Beyond the convenience of storing all this information in one place, The PPR also connects all stakeholders in the independent healthcare sector: practitioners, PMIs and more than 300 private hospitals. This paves the way for more effective working practices and communication across the sector:

  • PMI recognition – If you are new to independent practice, save time by completing The PPR registration form and applying for recognition to multiple PMIs. These PMIs then complete the process using data on The PPR. Nor will you need to inform all your insurer contacts when your details change because they automatically receive update notifications via the PPR, while you will also be notified if your recognition status changes.
  • Hospital practice – Subscribing private hospitals can view the PPR profiles of their consultant population and are automatically notified of updates, saving you the trouble of informing each hospital individually. You are notified if a hospital wants to amend information about your practice which it believes to be inaccurate, such as practice hours or start date.
  • A secure network – Use the PPR platform to access Healthcode’s Secure Messaging service and send encrypted messages to key contacts within hospitals and PMIs.


Stay in control

Profile access is restricted to authorised organisations for specific purposes. PMIs have read-only access to the data necessary to recognise a practitioner or to validate bills. Hospitals with a standard subscription have access to the profile with limited authority to correct inaccuracies concerning their own organisation, such as the practitioner’s start date. When this happens, you are automatically notified so you can either confirm the update or contact the hospital to query the change.

The PPR is fully encrypted and data is stored within a private dedicated infrastructure in the UK. A back-up copy of the data is taken daily and securely stored in a separate UK hosted disaster recovery facility. Account access is controlled by log-in ID and password.


What’s next?

Healthcode continues to extend the capabilities of The PPR to enhance operational efficiency, information governance and quality assurance across the sector. Here are the latest developments:

New-look fitness to practise section - Upload and store appraisal information: details of current appraiser, the appraisal period, summary, Personal Development Plan and your full appraisal.

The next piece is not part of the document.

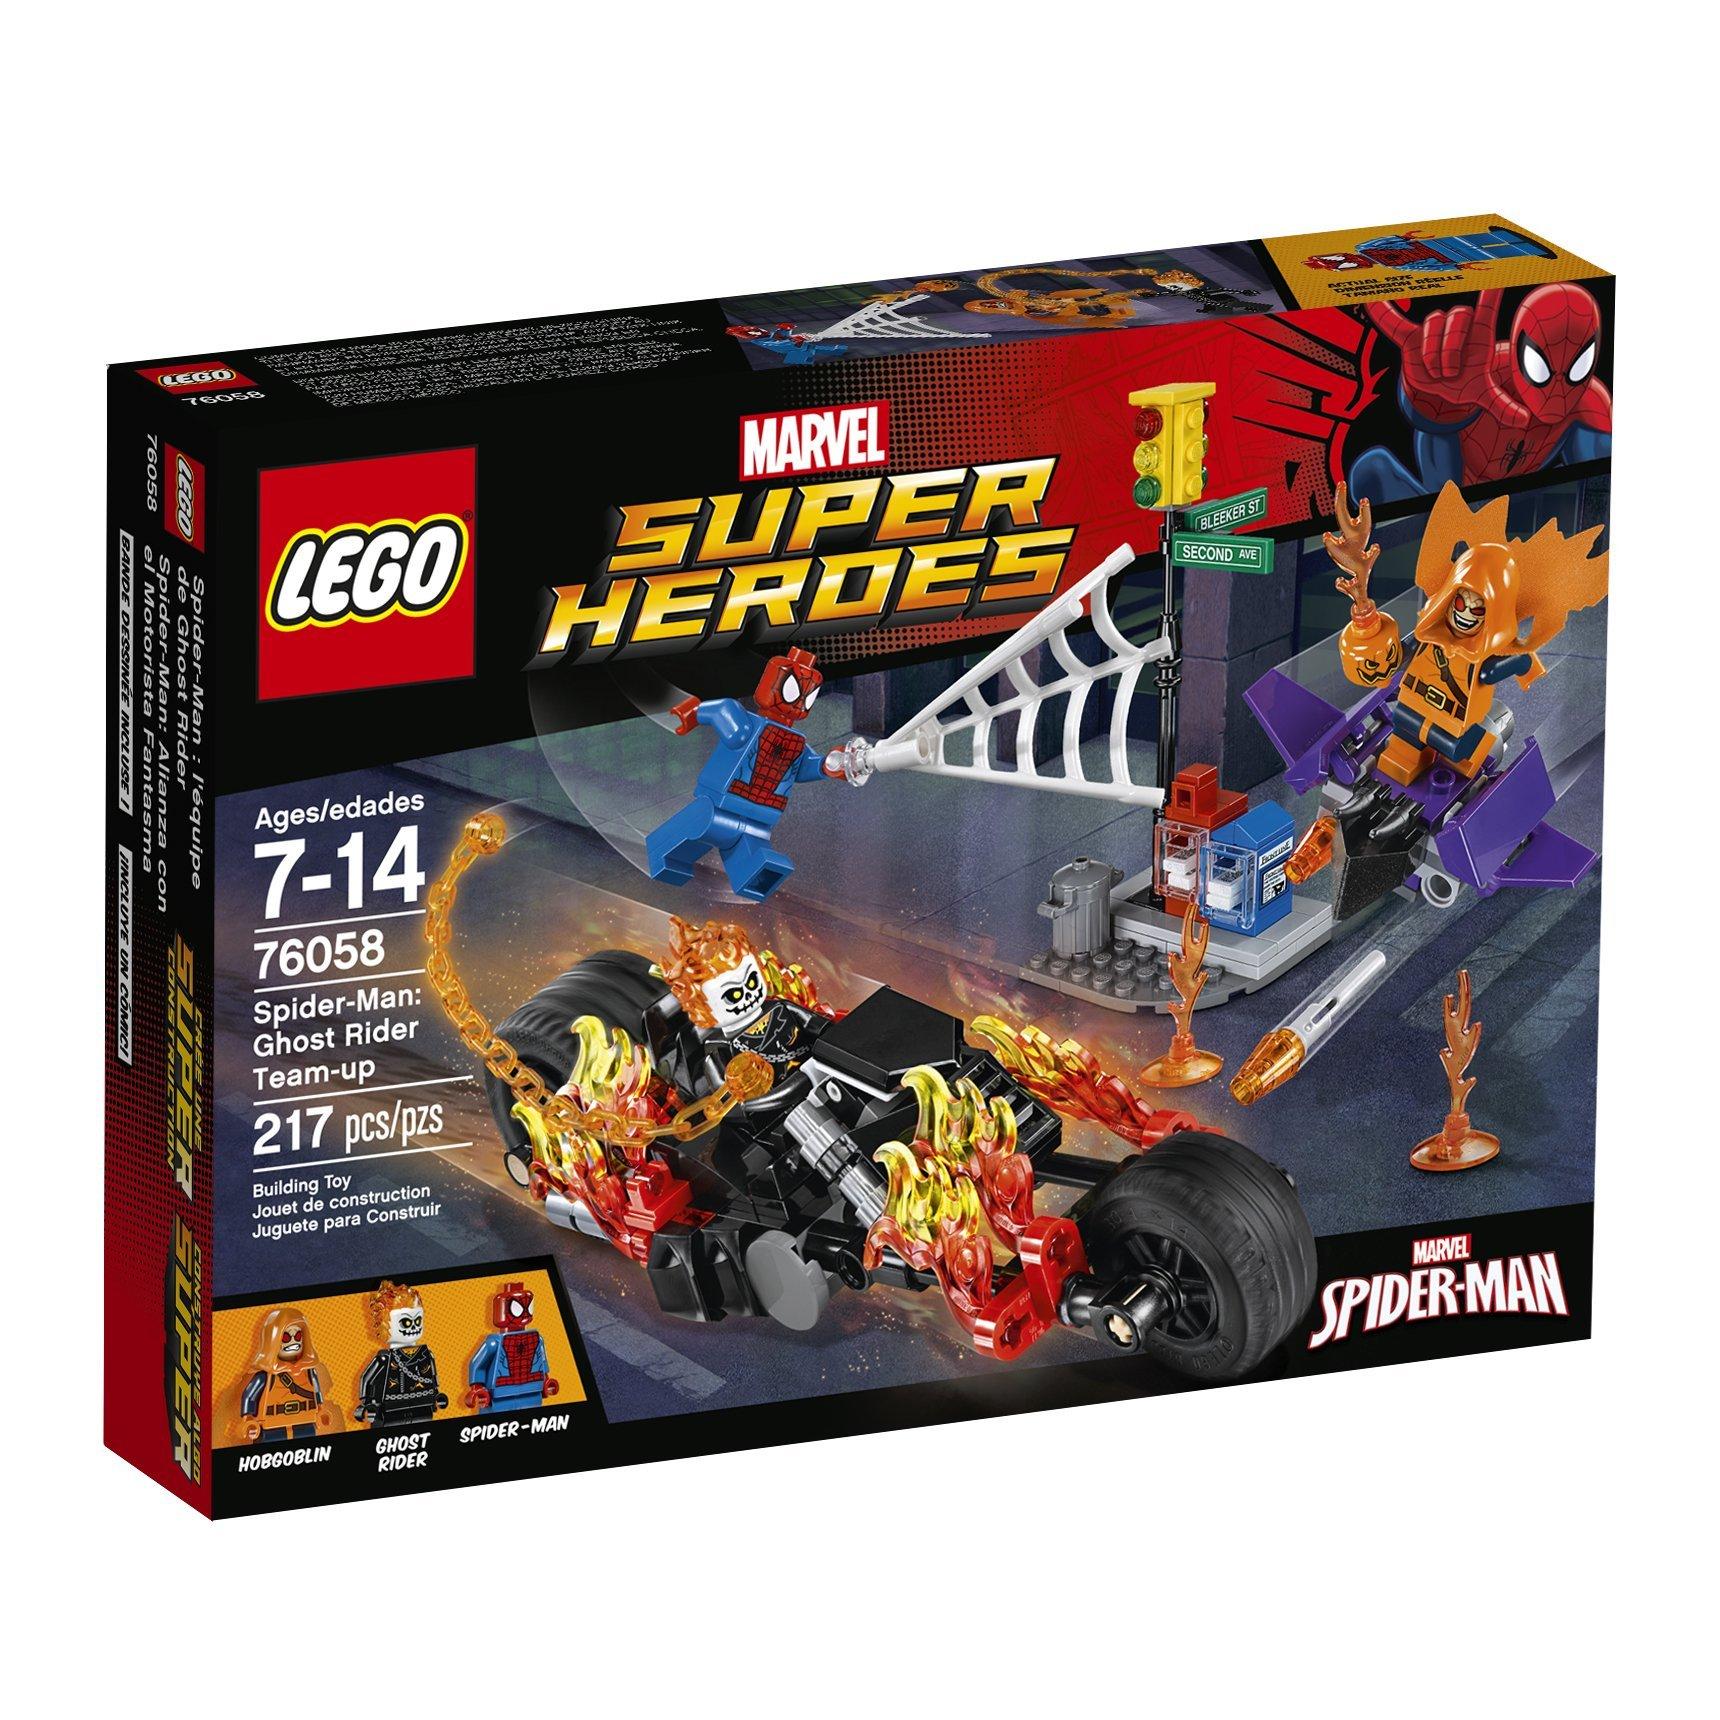 Lego Super Heroes 76058 Spider-Man: Ghost Rider Team-Up Building Kit (217 Pie.. 18

New scope of practice section - We are aligning The PPR with the principles of the Medical Practitioner’s Assurance Framework (MPAF) which requires hospitals to consider practitioners’ whole scope of practice (private and NHS) when awarding or renewing practising privileges. Ultimately, we want consultants to be able to apply for practising privileges through The PPR and for this process to fully comply with the MPAF principles.

The PPR’s scope of practice section is a significant step towards this ambitious goal and currently being rolled out by specialty. It will initially show CCSD-coded procedures performed by a consultant at private hospital and clinic sites, the number of times they were carried out at each site over a 12-month rolling period, and the last time the procedure was recorded. This data will be automatically captured from validated hospital bills submitted through our Clearing Service where the consultant is identified as the controlling specialist. It will only be visible to the consultant and subscribing hospitals where they hold practising privileges.

Agreeing data standards – Development work is already underway to complete the scope of practice section to match the rest of the data requirements in the MPAF, including information about practitioners’ NHS practice. Healthcode is consulting across the sector to ensure we get this right for all stakeholders. For example, we have formed a PPR Data Standards Group which is considering what data should be included in each PPR profile and in what format. The group includes representatives from hospitals, PMIs and practitioners, such as the BMA Private Practice Committee.